▼

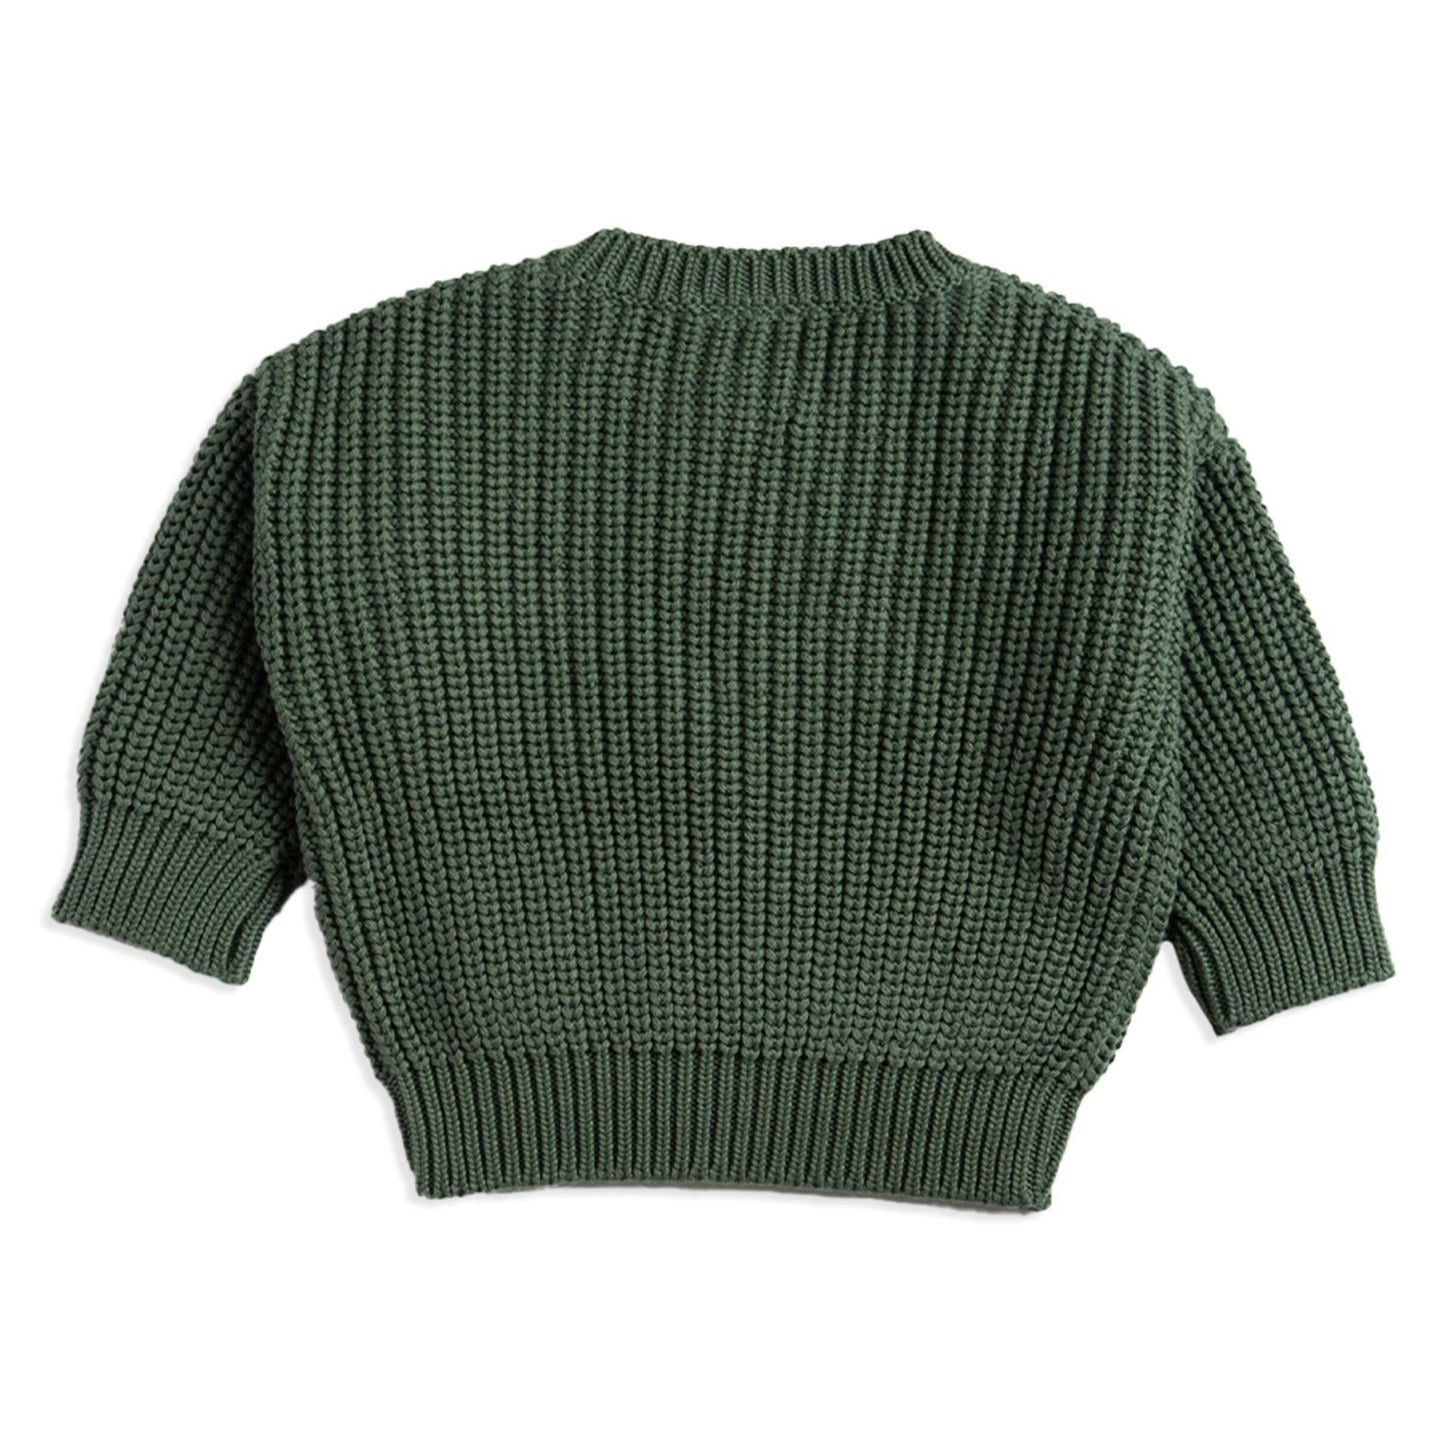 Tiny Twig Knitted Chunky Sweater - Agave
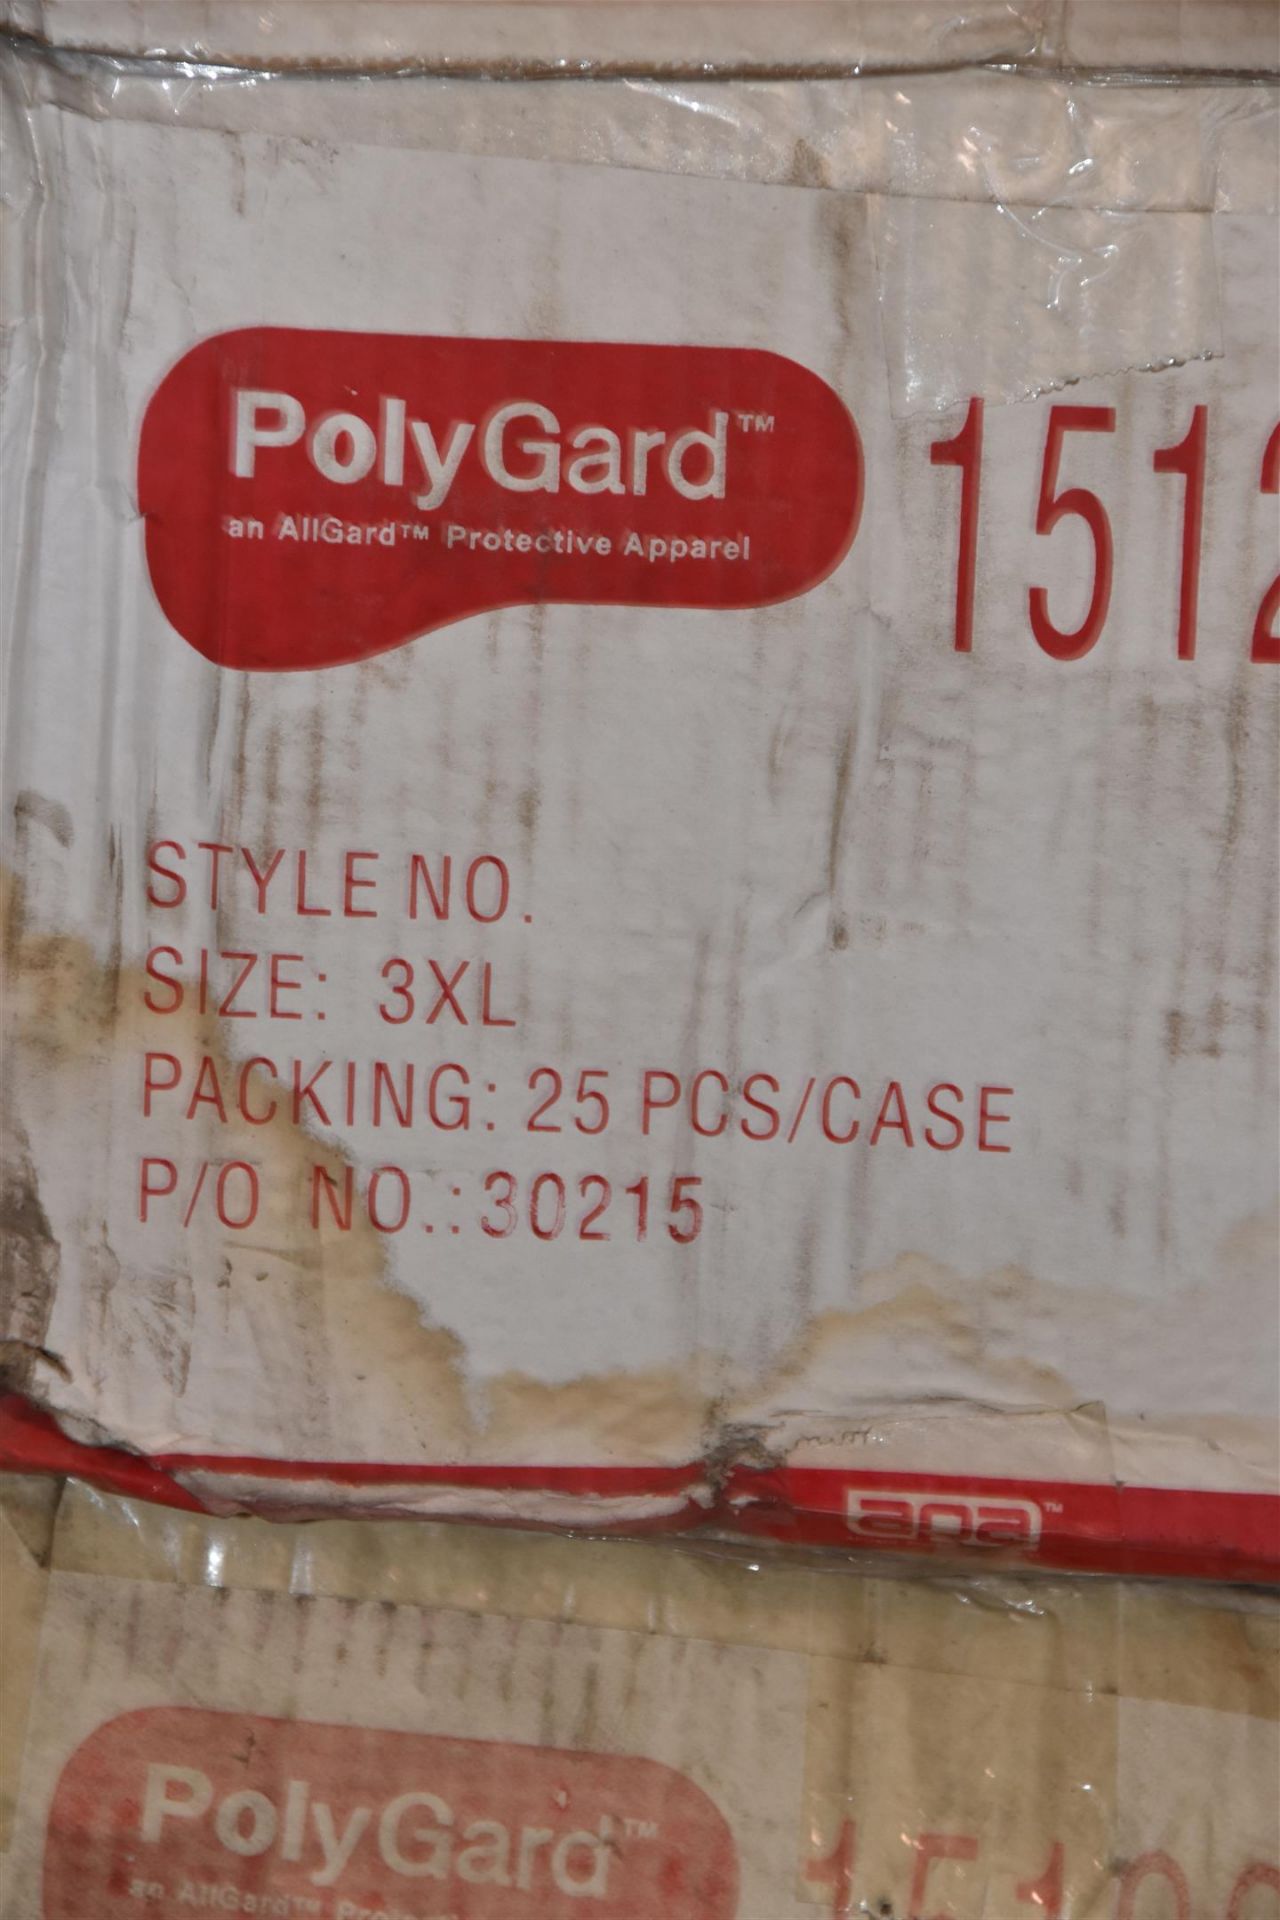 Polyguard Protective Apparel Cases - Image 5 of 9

▲
▼

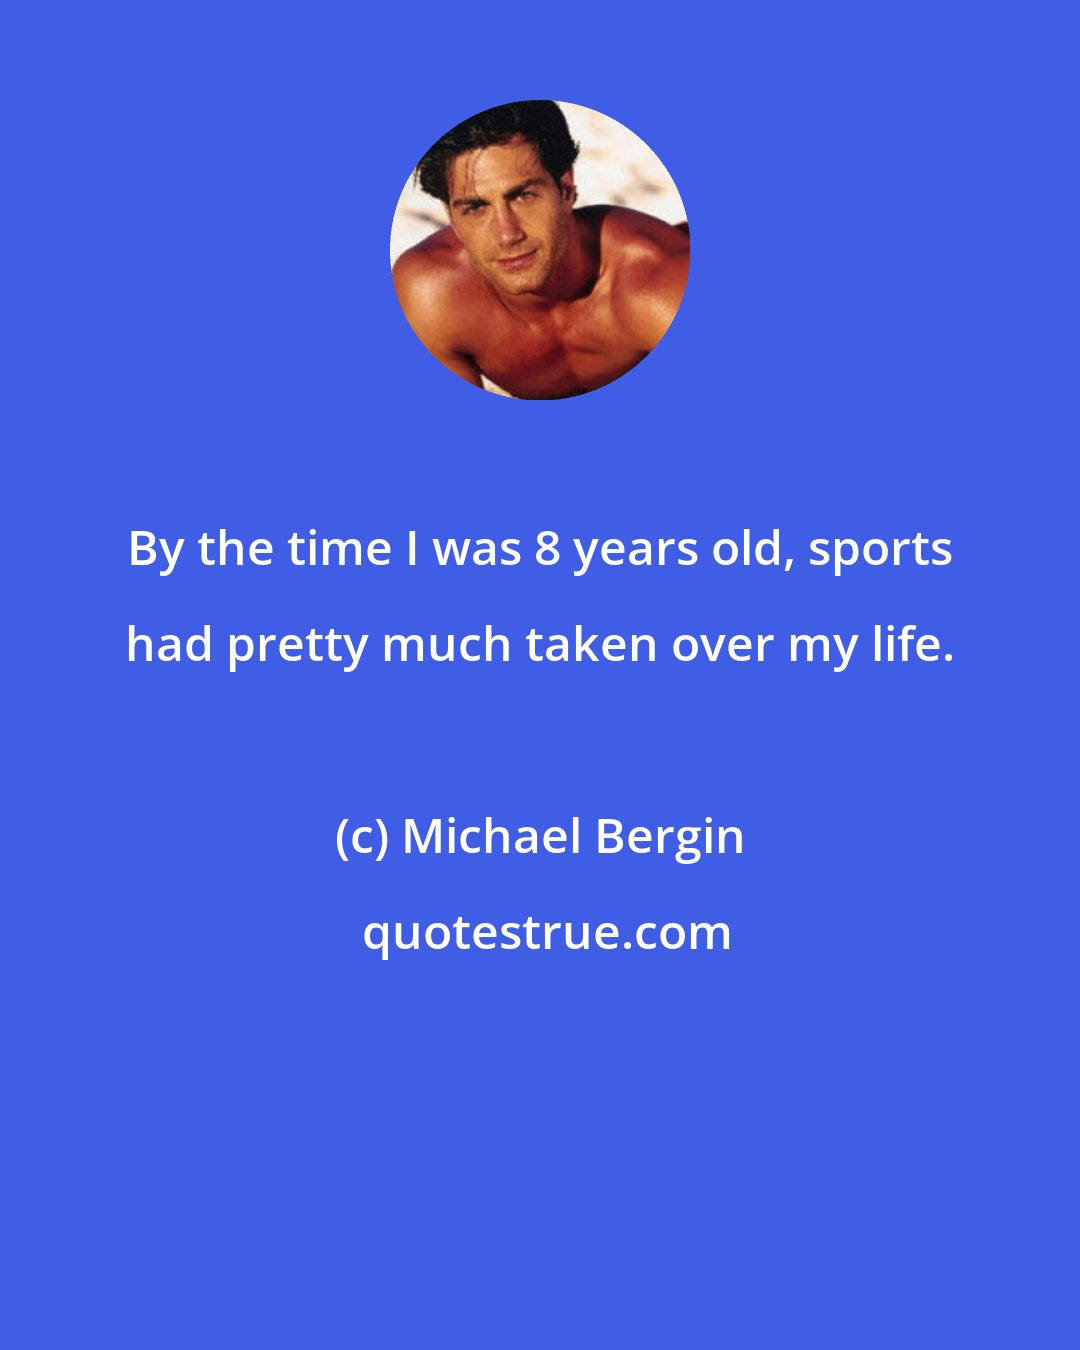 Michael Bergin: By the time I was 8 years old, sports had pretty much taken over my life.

▲

Requirement: Output exactly, and only, the lines of the entries above from the one with "Tiny Twig Knitted Chunky Sweater - Agave" up to and including the one with "Polyguard Protective Apparel"; pictures are to be left out.

Solved exercise:
 Tiny Twig Knitted Chunky Sweater - Agave
 Polyguard Protective Apparel Cases - Image 5 of 9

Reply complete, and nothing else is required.